When you realize your parents are just human like other people, your childhood irrevocably changes. That person you rely on to regulate you, hold you, protect you, is not a god. They are not immune. They are susceptible to all sorts of horror that comes from cell anomalies and genetic hauntings. Selfishly, I never wanted to see her like that. I wanted her to live forever. For if she can die, so could I. Selfish childhood thoughts in hindsight, but a profound paradigm shift at the time.

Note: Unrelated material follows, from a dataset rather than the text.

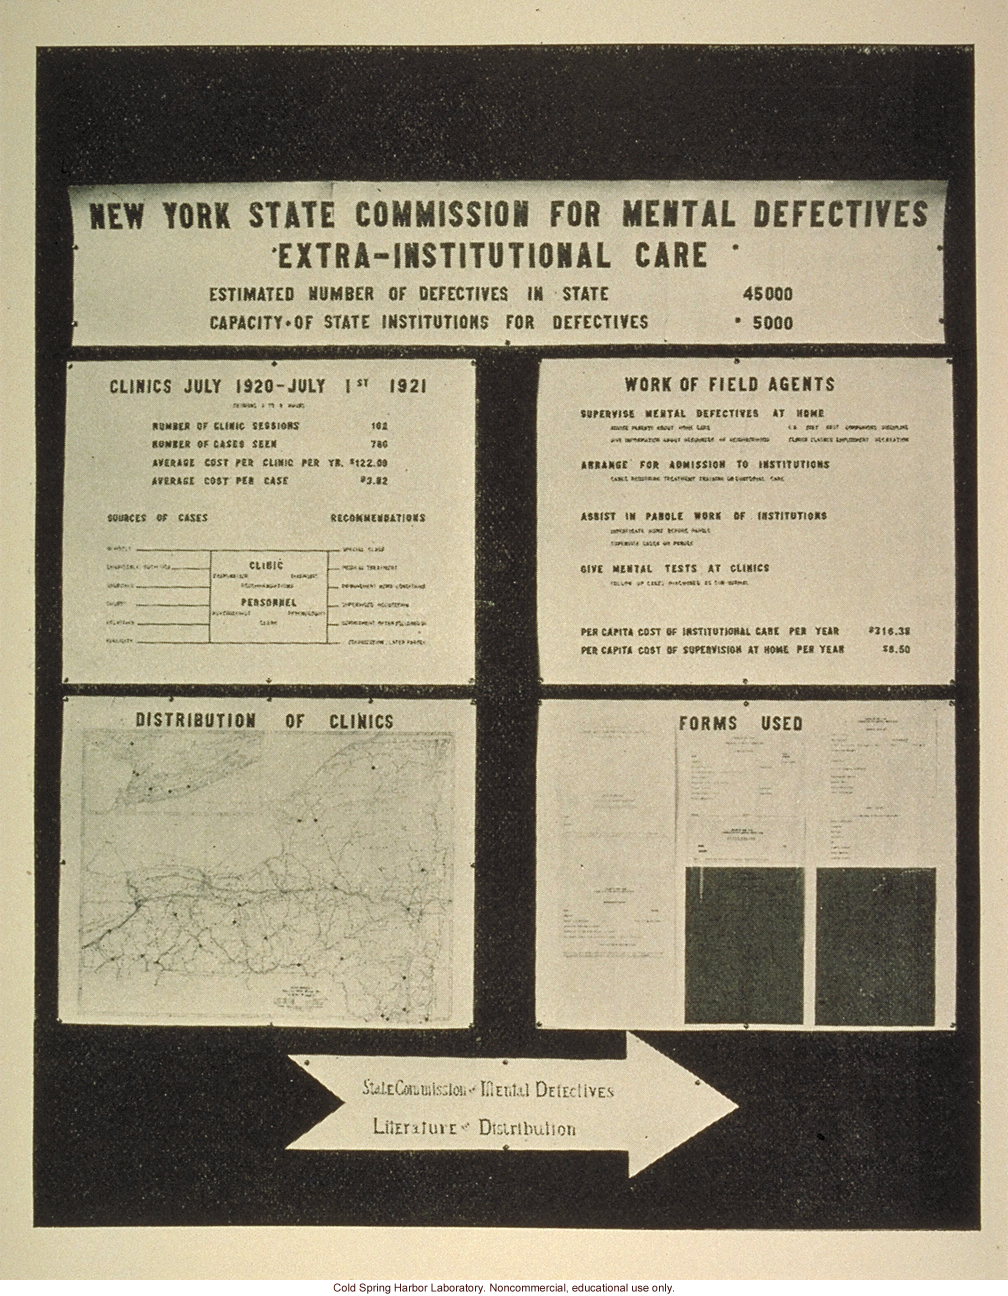 &quote;New York State Commission for mental defectives, extra-institutional care&quote;

Days. Weeks. I’m not sure. We were back. My mother was pumped full of drugs. She lay on her side, maybe to avoid vomiting through her feeding tubes. This was the first time I saw what the butchers had done to her. A massive cut in her stomach smiled at me from cracks in her hospital gown. It was a mocking smile. The doctors truly butchered her body. The split in her was held together by thick staples. A sheen of plastic tape ran down it, reflecting the unnatural light with every shift in her broken body. I imagined they spilled her out for the surgery, everything in her slopping onto a metal table, where they continued their mockery of her flesh, carving out bits of her they wanted, dropping pieces of her on sterile trays. When it was all over, they had to put her back together like a puzzle. Their gloves and masks were covered in blood as indistinguishable chatter between them buzzed around the room. The butchers weren’t good at puzzles, so they put things back wrong, which is why she was changed; she wasn’t my mother in that bed. They made her anew, not a rebirth, but a strange amalgamation of what she once was. I hated them.
I wanted my dad to hate them, too. He spoke to the butchers in hushed tones, like some conspiracy. Worry was always etched on his face. He’d sit cross-legged looking out at the gloomy Seattle sky for eons, while I sat next to him. He knew it was too much for me to be there sometimes. He’d buy me candy and soda from the vending machines.
One day, he bought me Rolos, one of my childhood favorites. I’d rip off the paper, then delicately pull the golden foil off each cylinder of chocolate and caramel, enjoying more than just the candy. I noticed there was a hole in the top of one of the Rolos. I showed it to my dad. He took it from me with a serious face.
“It might be poisoned.”
I believed him. He then threw it in his mouth, and I was scared for him. “Here, give me another one," he said.
He showed me a hole in that one, too. Why was he eating them? “I’ll make sure there is no poison in them.” After a third, he rubbed my head and told me they were probably safe to eat, so I ate them. They had to be safe.
It wasn’t the years of medical debt my parents struggled to pay, the selling of a business, or settling for a lower-paying job that I’m sure tore my dad apart inside. No, it was the poisoned Rolos that stayed with me.
Years later, I realized he just wanted some of my Rolos.